News 08 Nov 13

Bosnian War Memories Filmed for Oral History Archive

From ex-officers and politicians to ordinary Bosnians, over 100 people have given video interviews for a new archive of memories of wartime suffering and imprisonment.

Denis Dzidic
BIRN
Sarajevo
The video archive on the memory project website.

The project entitled ‘Oral History in Bosnia and Herzegovina: Unveiling Personal Memories on War and Detention’, which is aimed at promoting reconciliation after the 1992-95 conflict, was launched in Sarajevo on Thursday.

“We have covered the entire country and interviewed members of all ethnic groups and national minorities,” said Svjetlana Celic of Bosnia’s Centre for Investigative Journalism, which worked with the universities of Sarajevo, Rotterdam and Twente in the Netherlands.

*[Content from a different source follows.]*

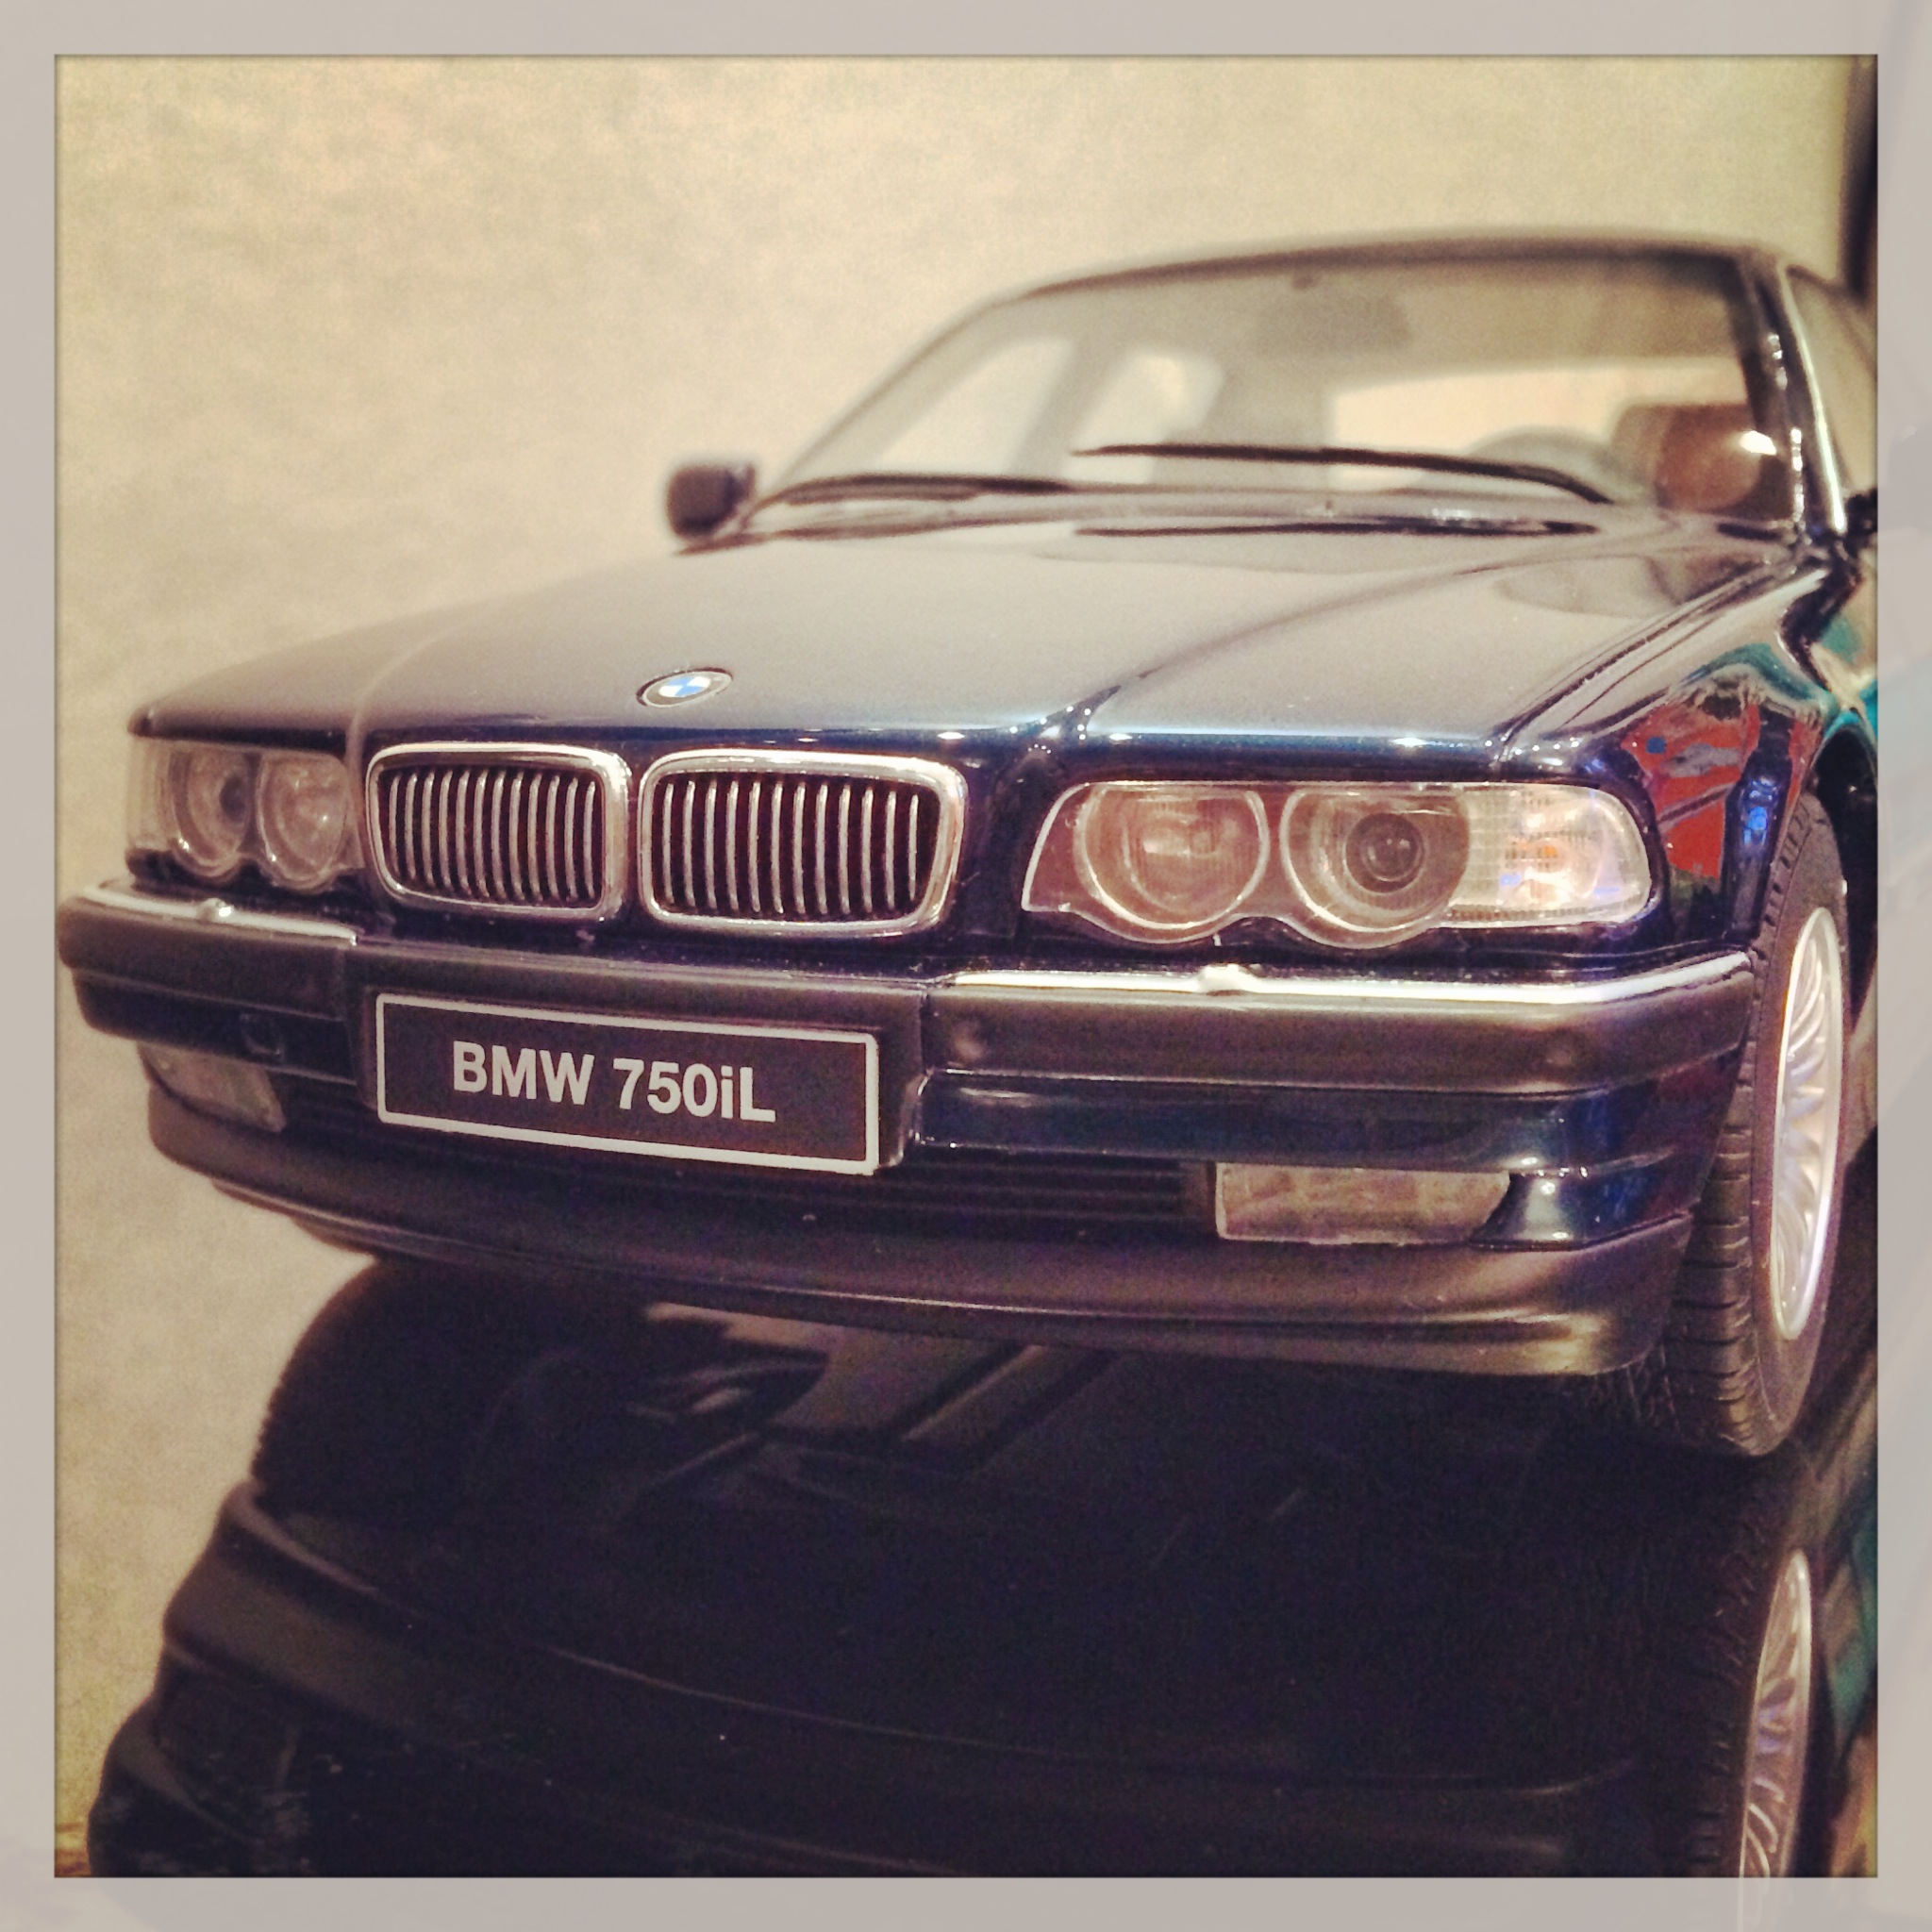 BMW 750iL (E38) blue, le 568 of 2,000pcs. (otto)
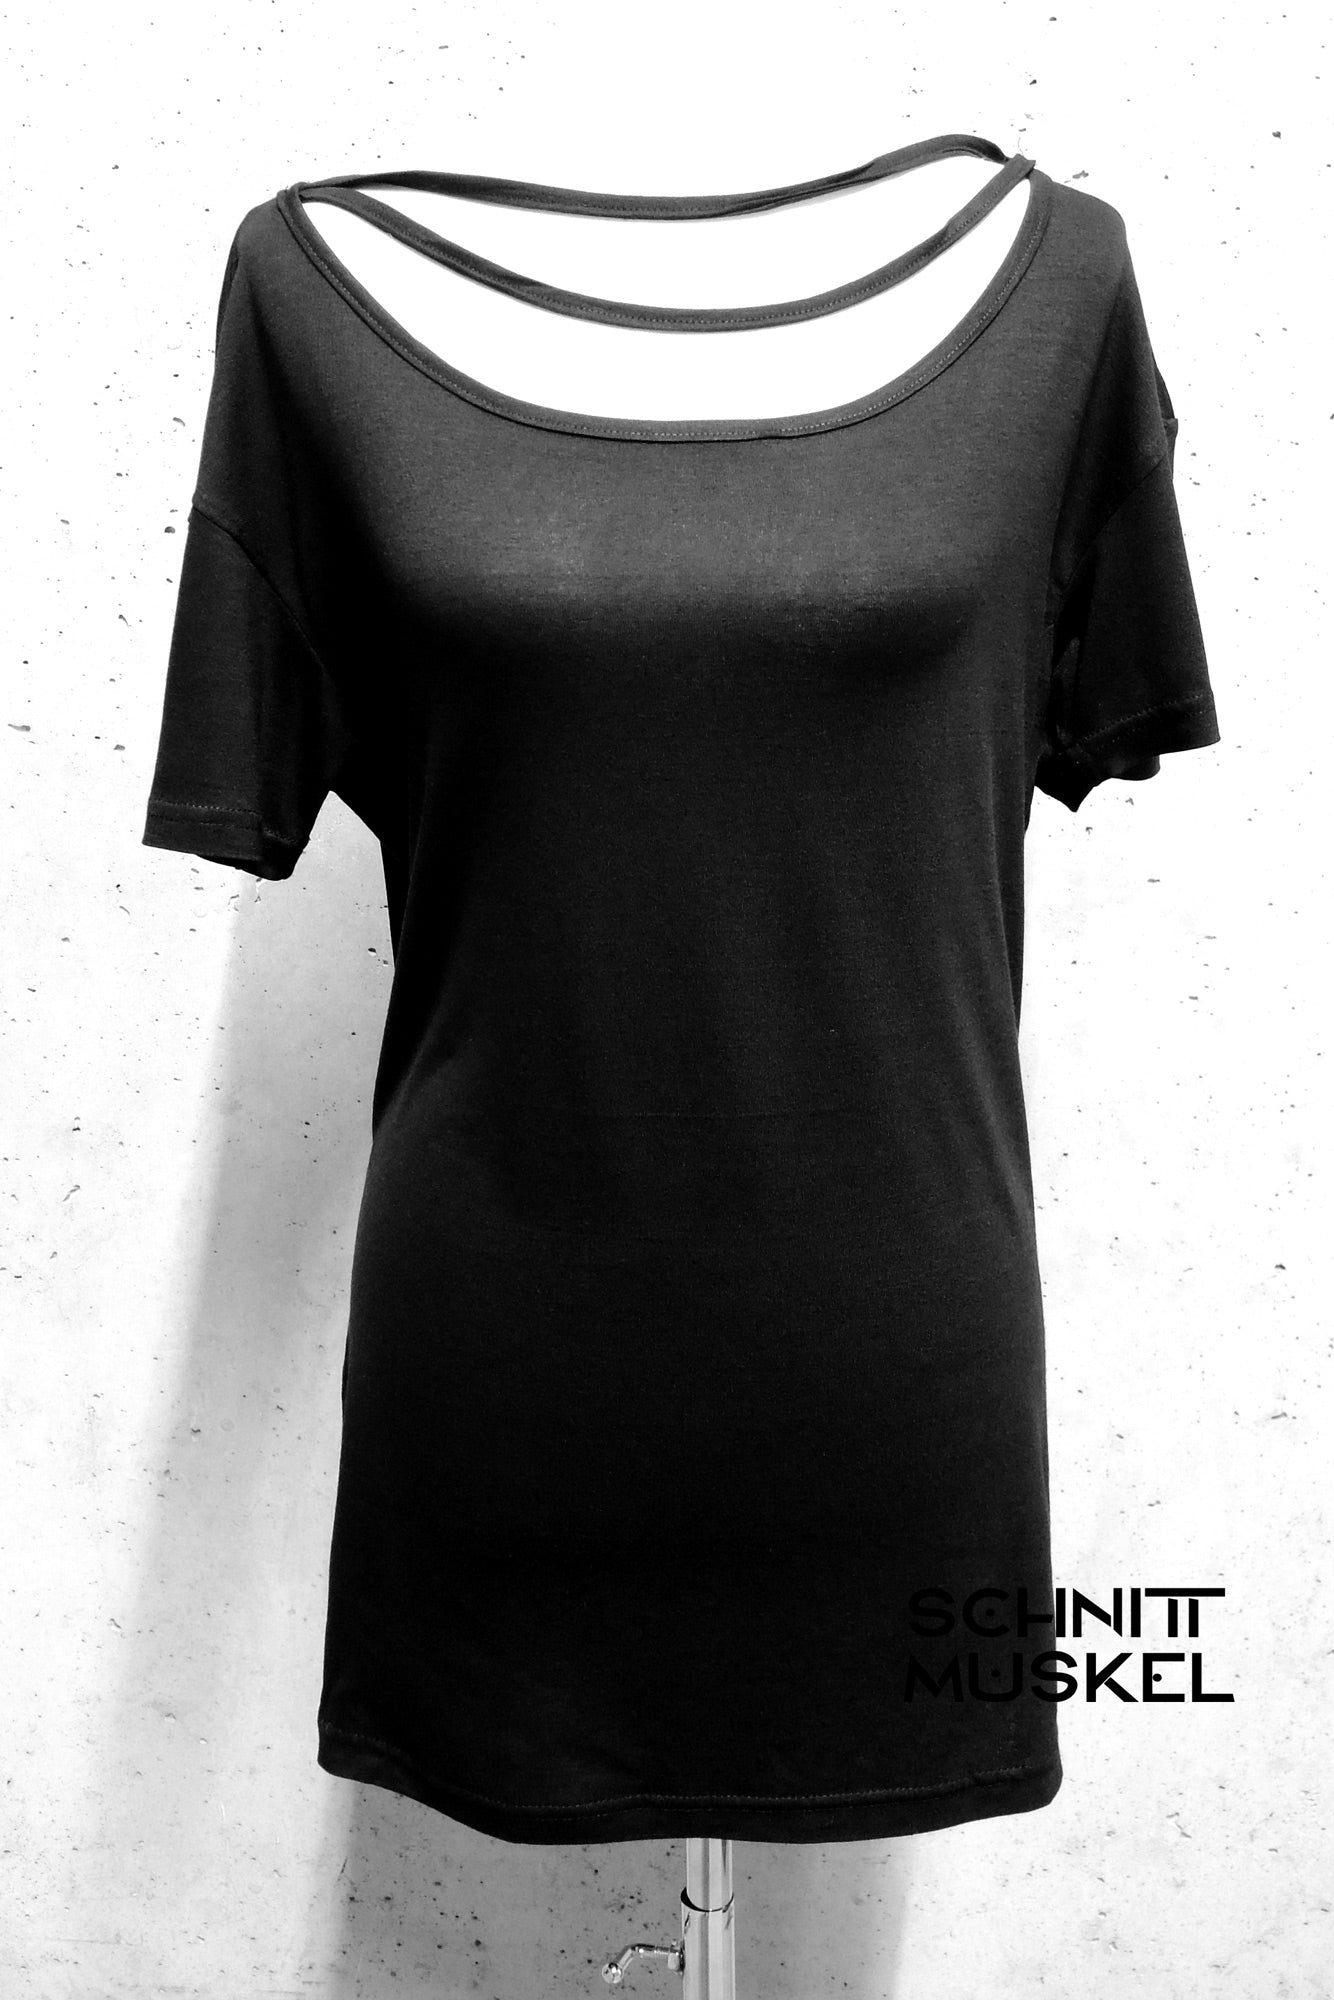 Gothicmode für Damen, darkavantgarde MOde für Damen, schwarze Mode für Damen, raffiniertes oversized shirt, Shirt mit Bändern, darkwear

“We tried to get those people who really suffered through hard times. We have victims and former generals and politicians, and you will see they all have their own story,” Celic said.

The aim of the project was to “uncover the personal stories of the 1990s war”, explained the vice-rector of Sarajevo University, Ugo Vlaisavljevic.

“We have three ethnic historiographies, but even within each one, there are separate individual stories. Those individual truths are the story of our own history,” Vlaisavljevic said.

Nihad Sendic giving an interview for the archive.

One of the interviewees, Nihad Sendic from Bihac in the north of the country, said in his interview that he was in favour of always speaking about the war, because that was the only way that the truth can be found.

“I want us to speak all the time... truthfully... This is why I am so open. We all need this, to come together,” said Sendic.

A parallel oral history archive was also launched in Croatia last month, entitled ‘Croatian Memories’, containing personal recollections from some 450 people who suffered in conflicts from World War II onwards.

Interviews from both the projects can be watched online, and there are plans to create similar archives in Kosovo and Serbia.

Sasa Madacki from the Sarajevo University Centre for Human Rights said that the benefits of the project are not limited to the study of history.

“We are about giving a voice to the people, who have created history or lived through it… These personal stories can do much more in the classroom to teach about the war then any book or lecture can,” he said.

Peter van der Maas, from Erasmus University in Rotterdam, said that the Croatian project had proved extremely successful.

“We have heard that it not only benefits society, bringing together narratives, but the individuals themselves, who benefit personally from telling their own story,” said van der Maas.

The project, which started in 2011, is financed by the Dutch foreign ministry. The Dutch ambassador to Bosnia and Herzegovina Jurriaan Kraak explained that without public recognition of past crimes, the country cannot hope to move forward towards the European Union.

“The European family is a community of values, so all nations must face up to unpleasant truths, they must foster mutual understanding and hold themselves accountable for wrongdoings,” Kraak said.